LOS ANGELES - The mayor of the nation's second largest city, Los Angeles had his worst fears realized.
Just as he had stated earlier in the week, Mayor Antonio "El Homey Boy Tony" Villaraigosa was afraid that if the Lakers won the NBA title the fans (citizens) of the Left Coast's largest city would celebrate by burning the hell out of pretty much anything that they could put a match or Bic lighter to.
Los Angeles, which literally means "The City of Angeles" once again showed and proved to the nation and the sports world that whoever named the city, certainly picked the wrong friggin name.
The rioting Laker fans, who are just a very small minority of the decent, law abiding fans, join the List of Embarrassing L.A. People that includes Charles Manson, Sirhan Sirhan, Lindsay Lohan, O.J. Simpson, and Jay Leno.
Los Angeles' finest, the men and women in blue, once again had to face people who call themselves basketball fans, but who in reality closer resemble Taliban and Al Qaeda operatives dressed in baggy pants, baggy shirts, side-wearing baseball caps, and Dollar Store bling-bling.
Police reported arresting thousands of L.A. "Losers" for such infractions as drunkenness, arson, illegal possession of a grenade launcher, contributing to the delinquency of prostitutes, and tagging "Celtics Suck" graffiti on unsuspecting elderly people.

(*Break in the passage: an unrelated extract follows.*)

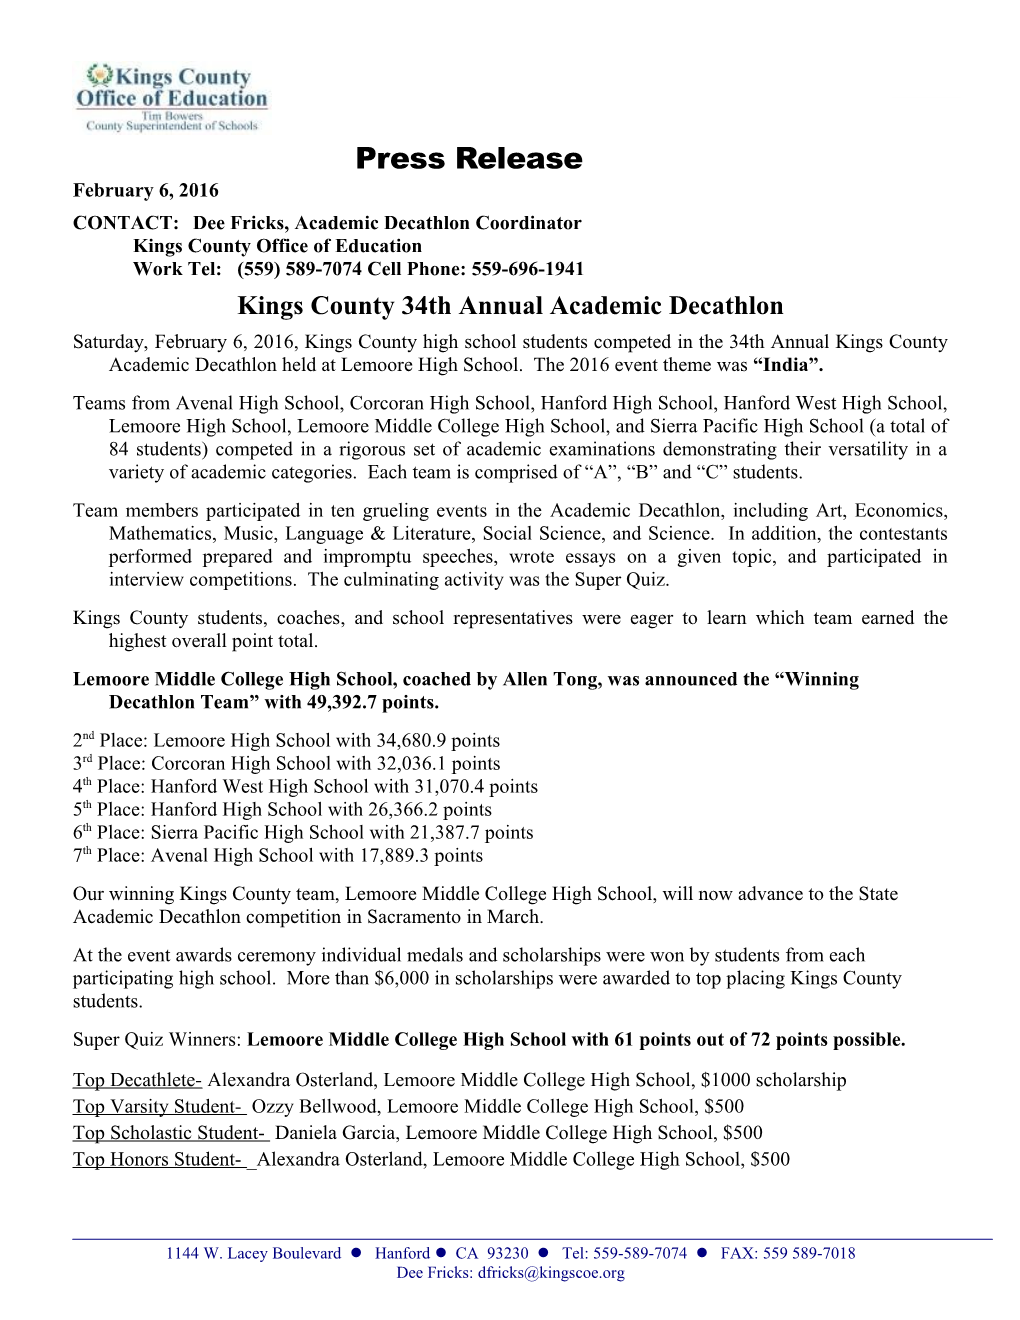 Kings County 34Th Annual Academic Decathlon

And two individuals, who reside in Cucamonga, and were identified as brothers Wardell and Shardell Fangbrewster, were arrested in the possession of a stolen heat-seeking mini-missile.
LAPD spokesperson Brenda Jo Slideweather stated that other violations included throwing burritos at passing motorists (the actual animal not the food), wearing burning orange traffic cones as hats, tossing newspaper racks at the Boston Celtics bus, and three cases of self-inflicted habeas corpus, and four cases of flagrantly soliciting half a pound of ipso facto.
The mayor was asked what had happened to his original threat, which had been suggested to him by Arizona Sheriff Joe "Pinky" Arpaio to shoot any fan lighting a fire.
The mayor paused, shook his head, and said that Governor Schwarzenegger had called him and told him that he had better not even consider the suggestion that "Pinky" Arpaio had made because the silly SOB has effed up his state and now he is trying to do the same with California.
And so once again, for the 16th time, the Los Angeles Lakers have been crowned the best team in basketball. But sadly the name 'best' cannot be used to describe a handful of their fans, who only seem to attend the games for the "After Game Victory Riot."
SIDENOTE: Luckily none of the "Nice" Laker fans nor any animals were hurt in the dysfunctional Laker merriment. One of the fans who was arrested for wearing a burning orange traffic cone was asked why he and others went on a lawless rampage. His reply was typical..."I think dat it be because we basically have deep rooted Oedipus complex issues, or maybe it's cause we're just Left Coast assholes."